◆ DATA SHOWN ◆
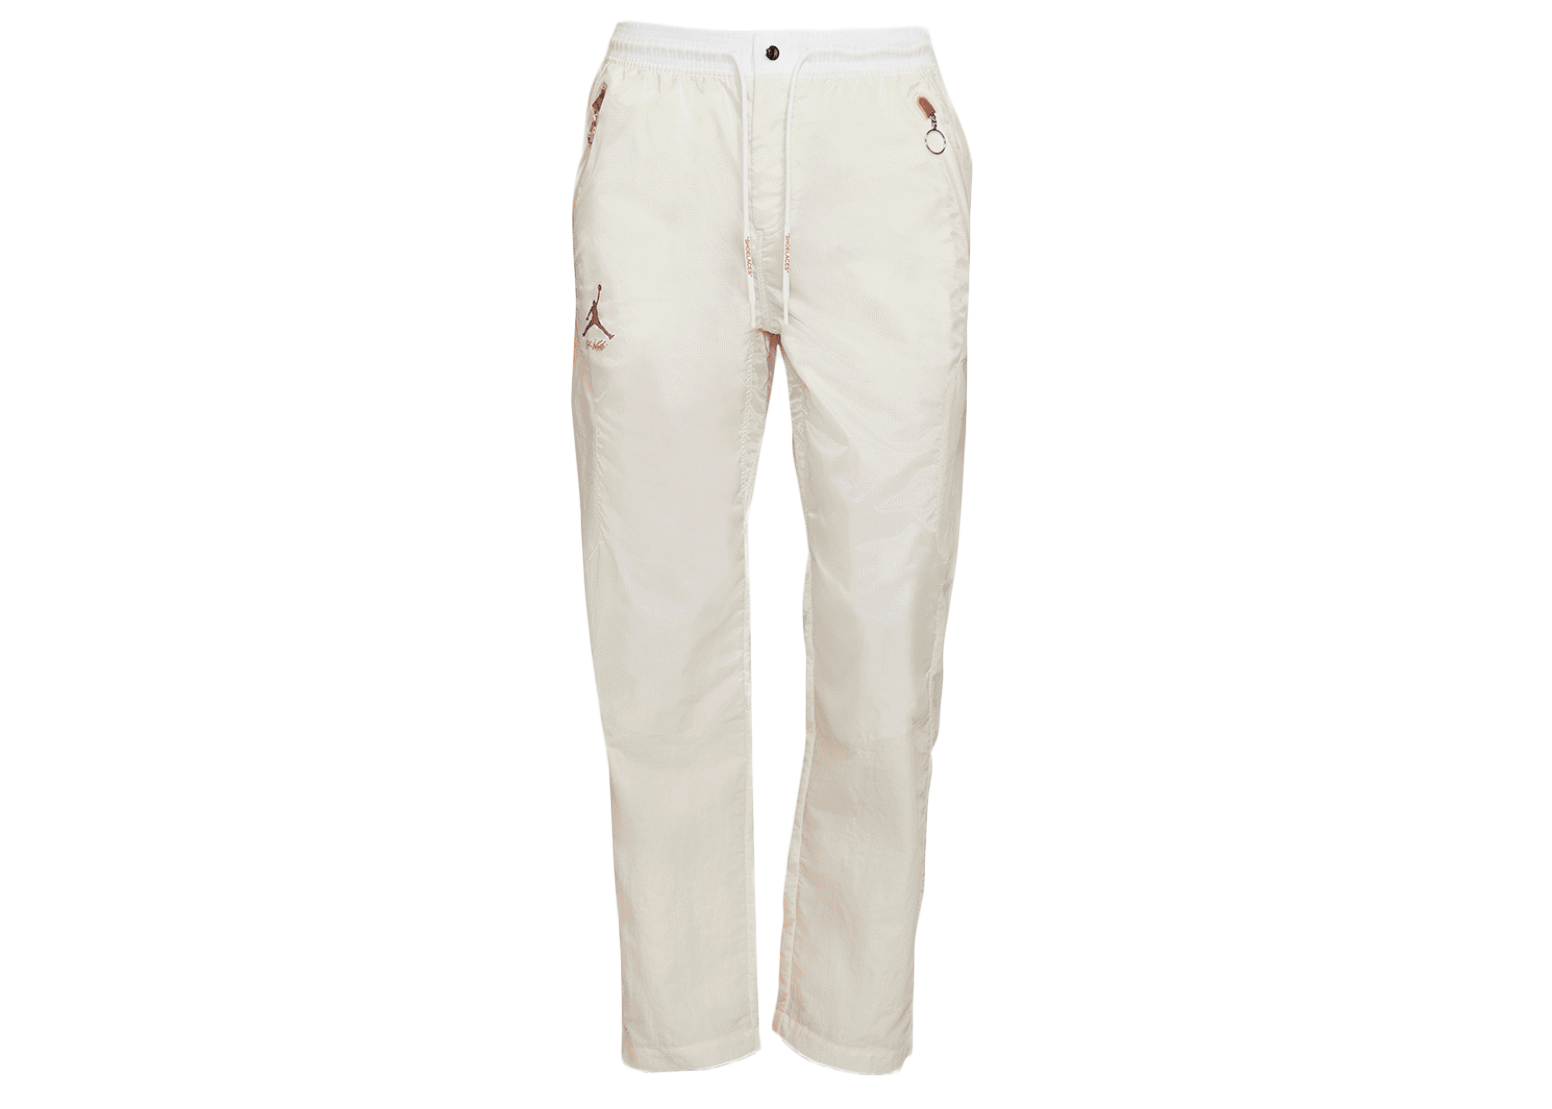 OFF-WHITE x Jordan Woven Pants White - SS21
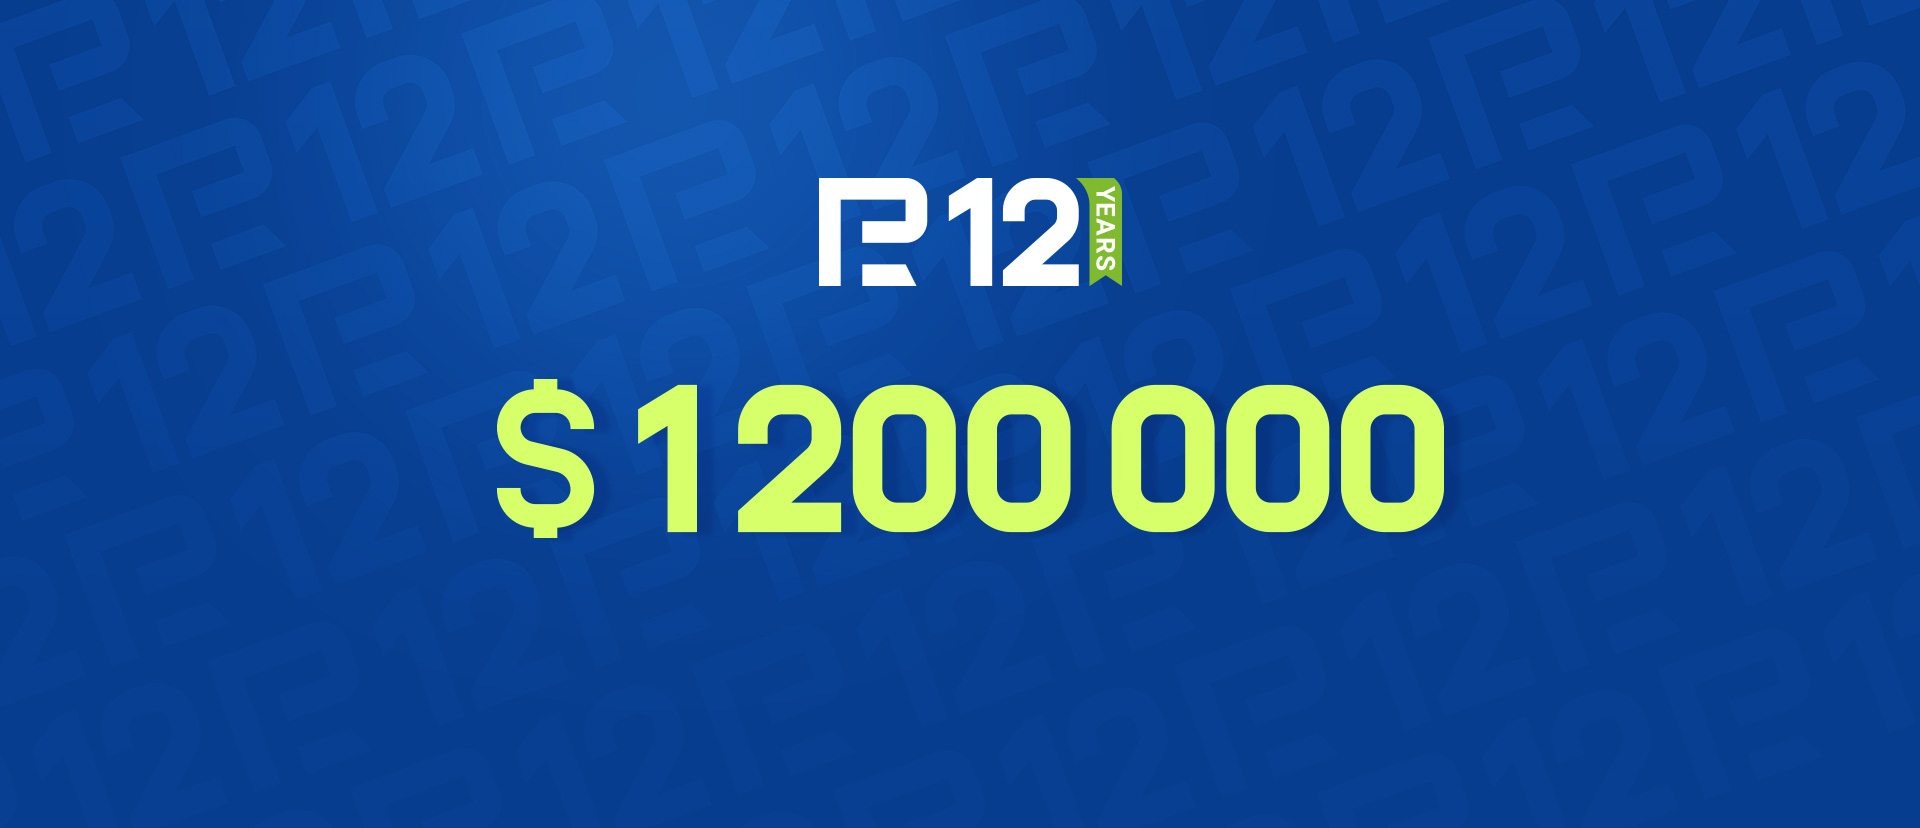 โปรโมชั่นพร้อมเงินรางวัลรวม $1,200,000 โดย RoboForex เข้าร่วมและชนะ!
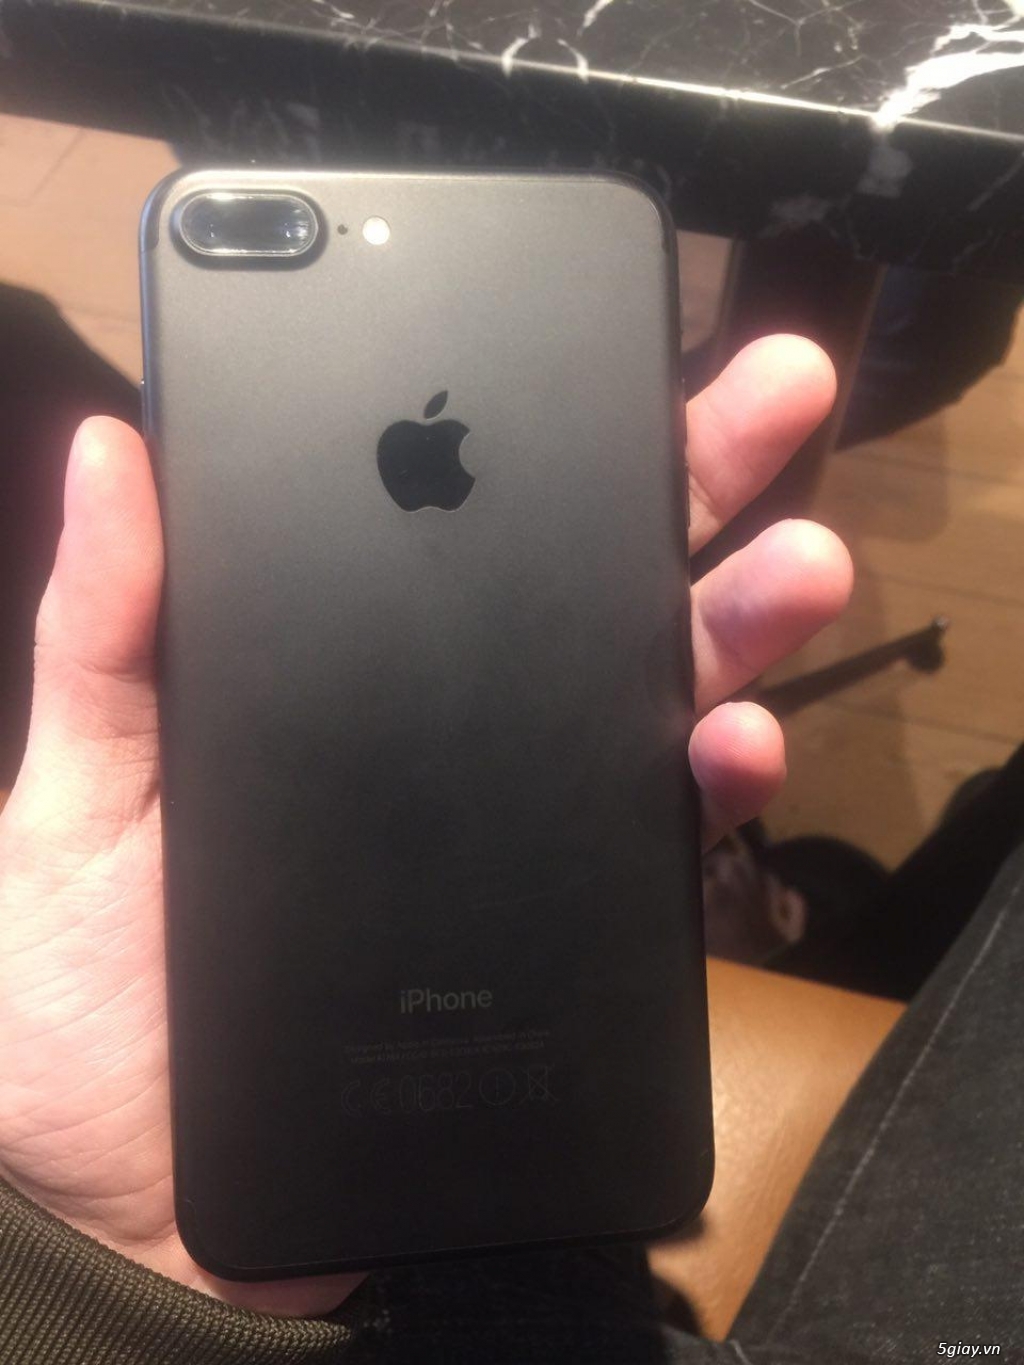 iphone 7plus 128g black đen nhám hàng fpt 1 đổi 1 - 2

◆ WHAT THE EXERCISE ASKS ◆
From the line with "โปรโมชั่นพร้อมเงินรางวัลรวม $1,200,000 โดย" to the last line above, restate each line word for word, but skip the pictures.

◆ SOLVED PROBLEM ◆
 โปรโมชั่นพร้อมเงินรางวัลรวม $1,200,000 โดย RoboForex เข้าร่วมและชนะ!
 iphone 7plus 128g black đen nhám hàng fpt 1 đổi 1 - 2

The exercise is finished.